‘A Pior Pessoa do Mundo’ e a condição millennial
Um ponto de vista contundente sobre alguns dos mais soluçantes dilemas dessa geração
O filme “A Pior Pessoa do Mundo” (2021), do cineasta norueguês Joachim Trier, tem chamado atenção por uma diversidade de questões que aborda. Não são poucas as pessoas que se declaram identificadas com os problemas manifestados nas trajetórias dos personagens com seus ritmos reflexivos tão delicadamente elaborados.
O filme é um ponto de vista contundente sobre alguns dos mais soluçantes dilemas que formariam a condição da assim chamada geração millennial. Lança-se ao centro do debate o tema das incertezas e dúvidas que pairam nas vidas de jovens adultos diante de um universo aparentemente repleto de opções e possibilidades, onde o receituário clássico ancorado no casamento e do emprego fixo, por exemplo, já não é visto como padrão do bem viver.
Em certo capítulo, uma sentença soa como o principal nó que tensiona o argumento do filme, na fronteira entre duas gerações. Aksel, com um pouco mais de 40 anos de idade, diz para Julie, que recém completou os 30: “Eu cresci num tempo em que a cultura era transmitida por meio dos objetos. Eles eram interessantes porque nós podíamos viver entre eles”. De um lado, uma defesa penitente pela estabilidade, de outro a representação do etéreo, do indefinido e da dúvida. Não tem certo ou errado. E esse é o barato do filme que, importante lembrar, é ele mesmo um produto dessas tensões geracionais.

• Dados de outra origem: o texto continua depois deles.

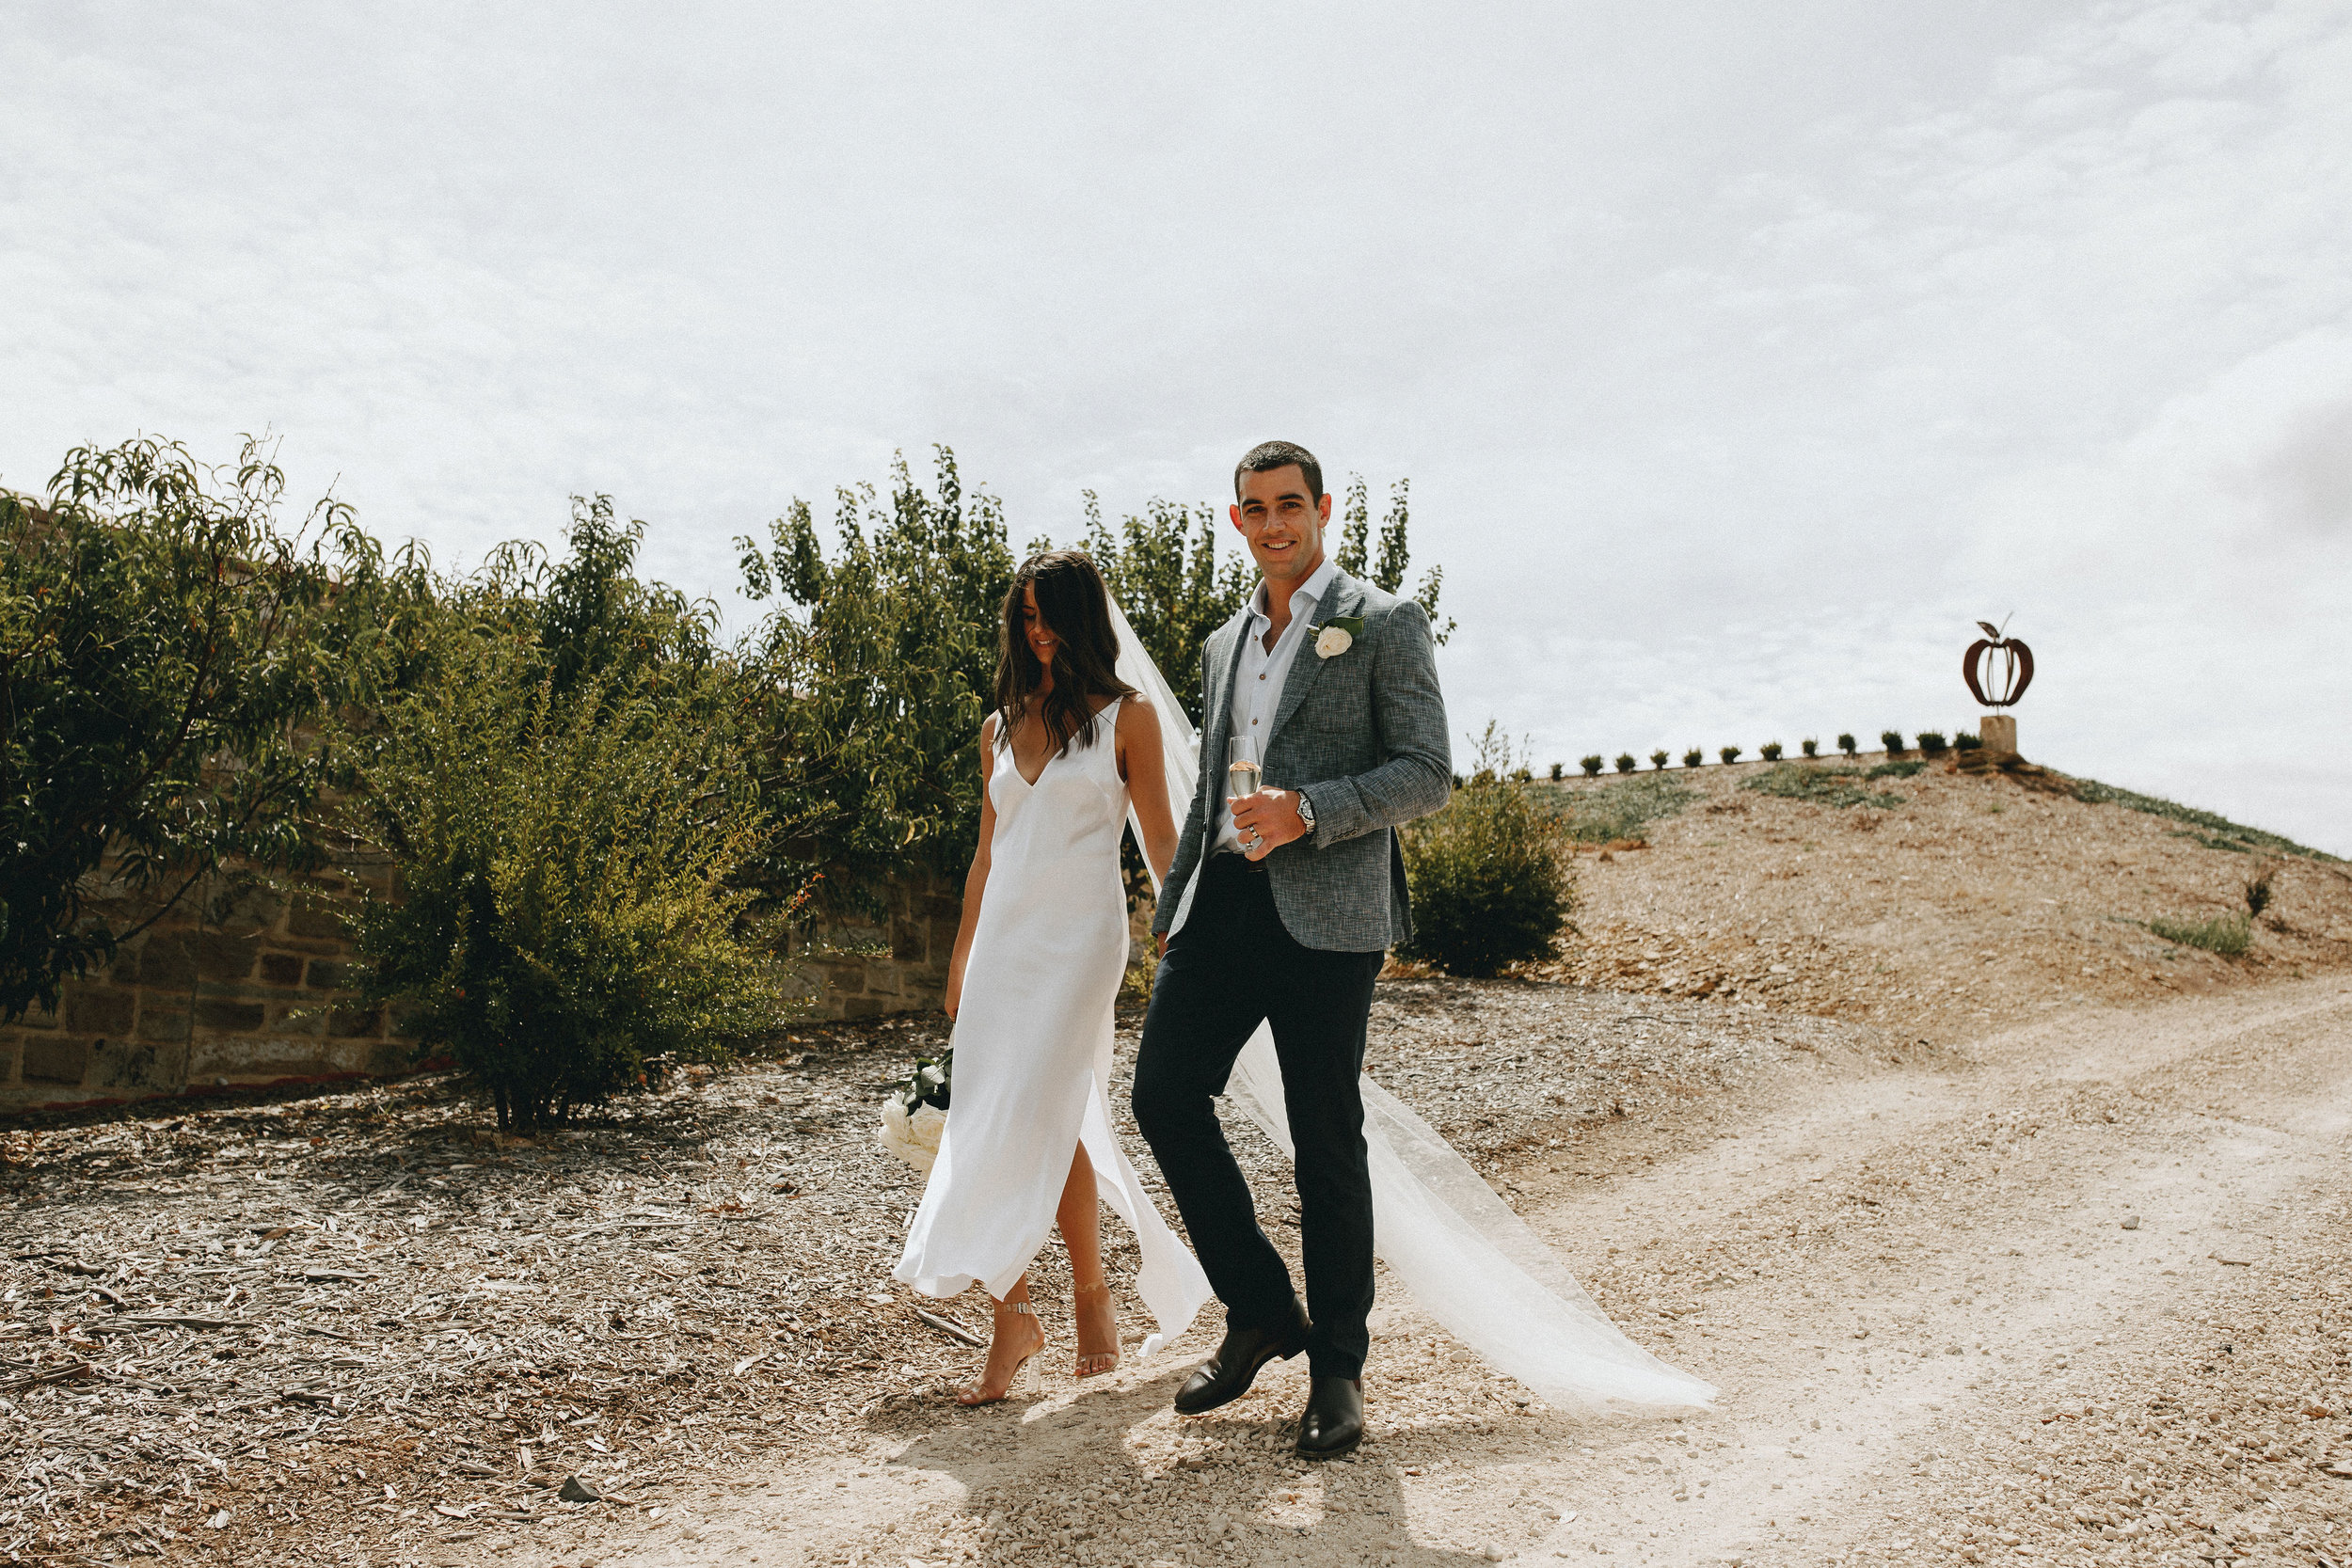 BYBHS_WEDDING_TAYLOR&ELLIE_HI-RES_17.jpg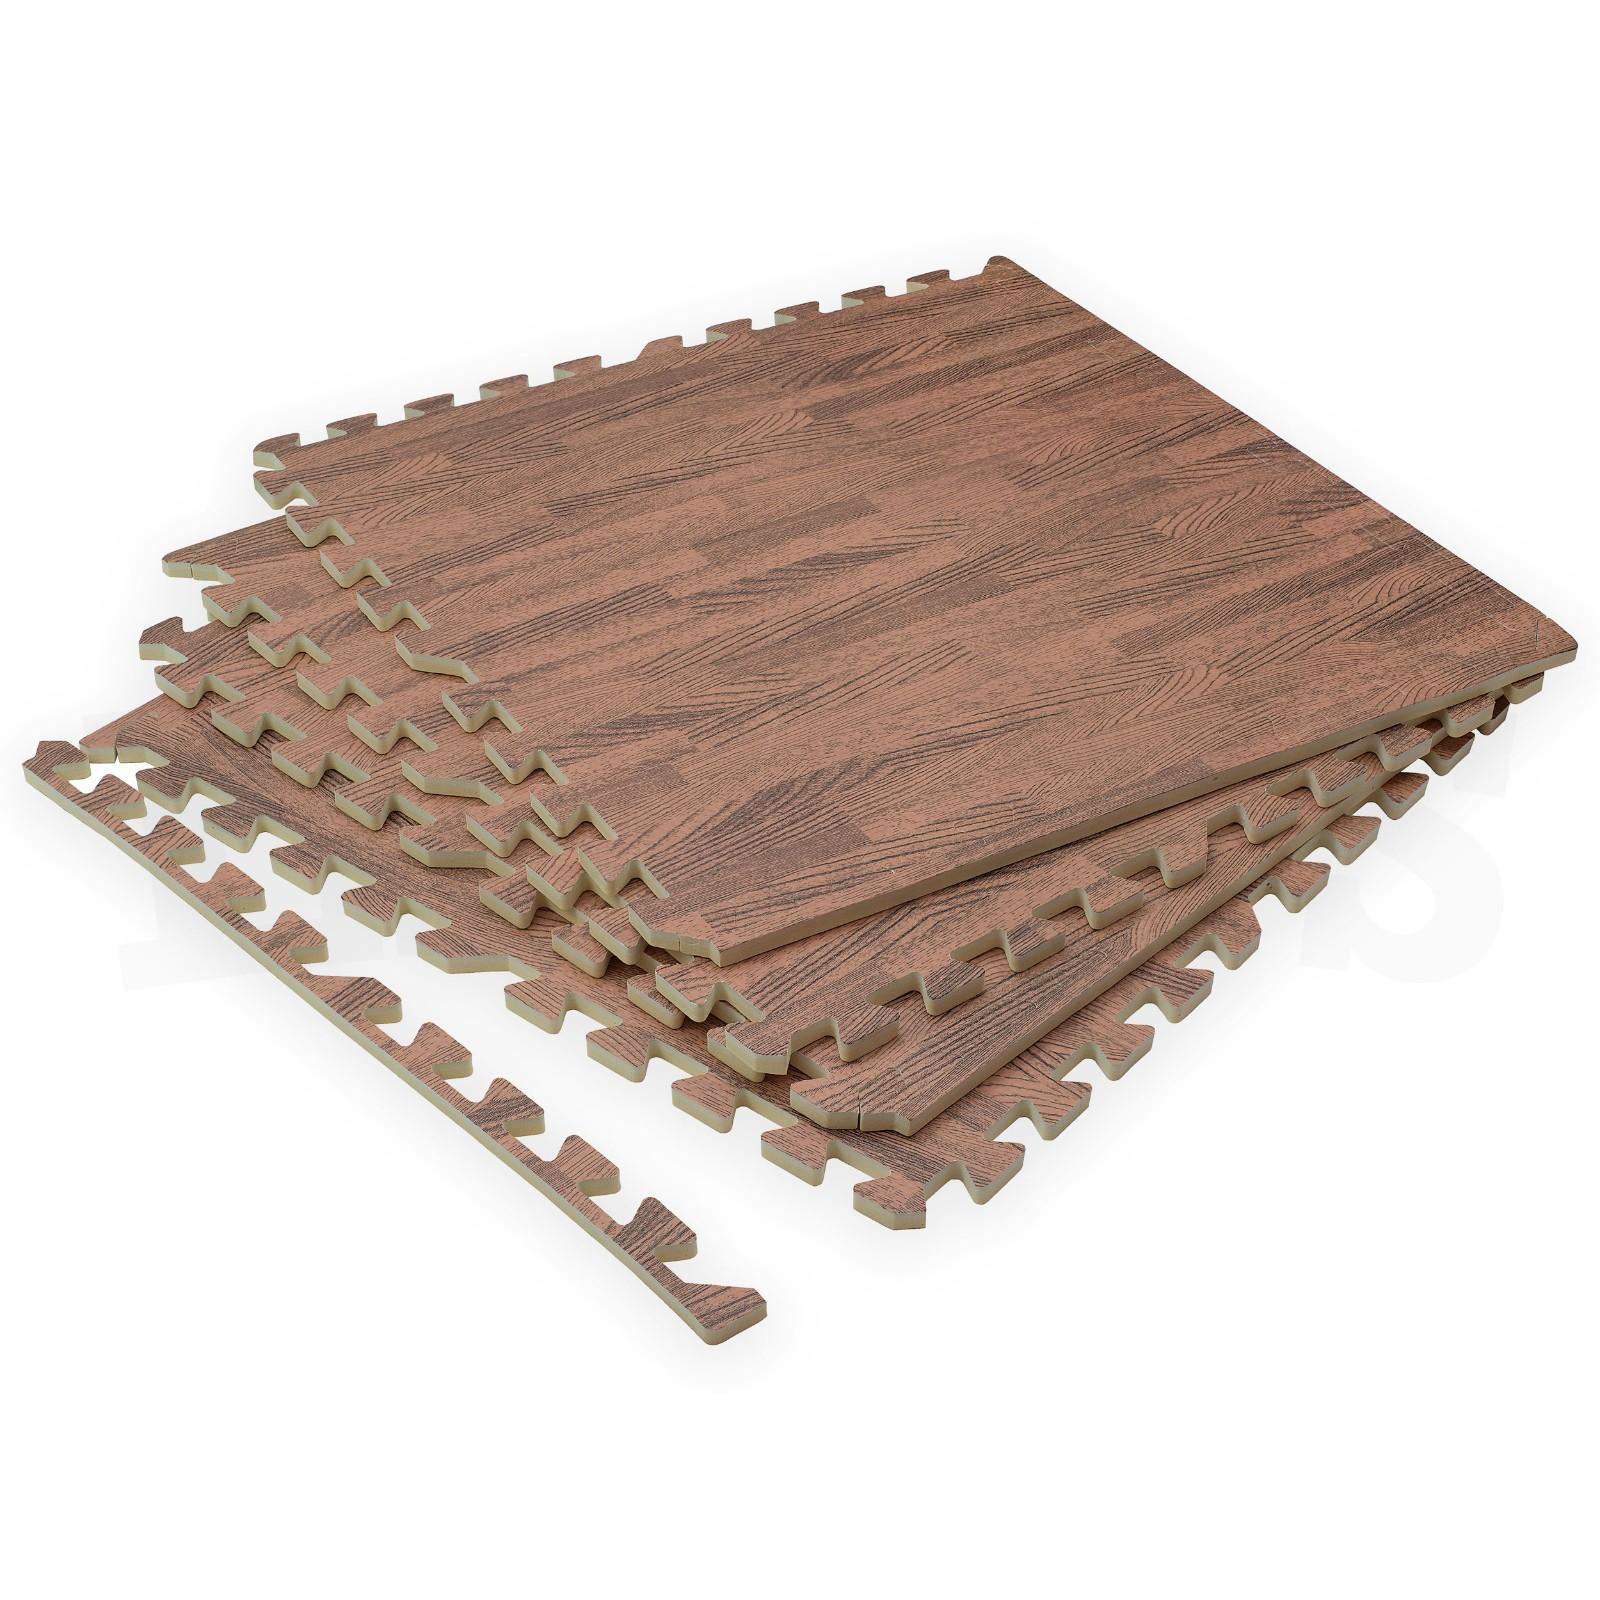 12 mm ad incastro eva mats Home Gym Pavimento Kids Roulotte Piastrelle 60x60cm

Objetos não somente fixam e tornam visíveis aspectos imateriais, mas também agem em nossas subjetividades e nos sentidos que damos à vida
Aksel tem razão quando coloca os objetos como sujeitos de sua oração. Objetos expressam, dão vida, forma e usos a desejos, significados, ideias e crenças. Nós pensamos, construímos relações, festejamos, trabalhamos, choramos e criamos com eles. Objetos nos unem e nos separam dos lugares e das pessoas. Podemos pensar, por exemplo, nos souvenirs de viagens que transmitem, no tempo, espaços e experiências, nos objetos sagrados que dão corpos à fé.
Lembramos dos artigos do consumo e do desejo, das coleções de livros, gibis, vinis e das peças dos acervos em museus. E os álbuns de fotografias? Eles organizam as nossas histórias, emprestando alguma presença mágica às ausências. Os diários nos ajudam a arquivar a nós mesmos contra as angústias do esquecimento. Todos esses objetos não somente fixam e tornam visíveis aspectos imateriais, mas também agem em nossas subjetividades e nos sentidos que damos à vida.
Mas, sem incorrer em spoiler, é importante notar que Aksel está vivendo um drama de separações, de vida e de morte. A nostalgia, cultivada no terreno da memória, é uma construção seletiva e idealizada sobre o passado contra a ameaça do desaparecimento. O pensamento nostálgico diz muito mais sobre o presente do que sobre a passado propriamente dito. É também onde o problema dos objetos torna-se sintoma da disputa geracional que se instaura entre os personagens do filme. A qualidade material e palpável associada ao passado é colocada, por Aksel, num simplificado e situacional contraste com a instabilidade e a indefinição características do presente e encarnadas em Julie.
A nostalgia, cultivada no terreno da memória, é uma construção seletiva e idealizada sobre o passado contra a ameaça do desparecimento
De todo modo, tanto Julie quanto Aksel vocalizam que as nossas relações com os objetos, com o tempo e com nós mesmos estão em plena transformação. Com o surgimento e a expansão da internet e dos smartphones observamos as sensações, cada vez mais mediadas pelo virtual, escapulirem das nossas mãos, correndo em maior velocidade diante dos nossos olhos. Isso se reflete em nossos hábitos cotidianos, em nossas formas de se relacionar com outras pessoas e, claro, nas perguntas que escolhemos fazer ao contemplar os mistérios do mundo.
Mas, ao contrário do pessimismo de Aksel, a cultura material não está em desaparecimento. Ela está, antes, sendo reconfigurada, ganhando novos personagens, mediações e usos, estimulando outros sentidos com os quais somos desafiados a lidar todos os dias. Nós estamos conduzindo e arquivando as nossas vidas de maneiras diferentes e isso não quer dizer que estamos deixando de fazê-los. A frase de Aksel pairando suspensa nas emoções de Julie (e nas nossas também) pode ser o cerne daquilo que o filme, finalmente, simboliza: um elogio às perguntas e não às respostas.
Paulo Augusto Franco de Alcântara é antropólogo. Atualmente é vinculado ao Departamento de Antropologia da Universidade de São Paulo como pesquisador de pós-doutorado.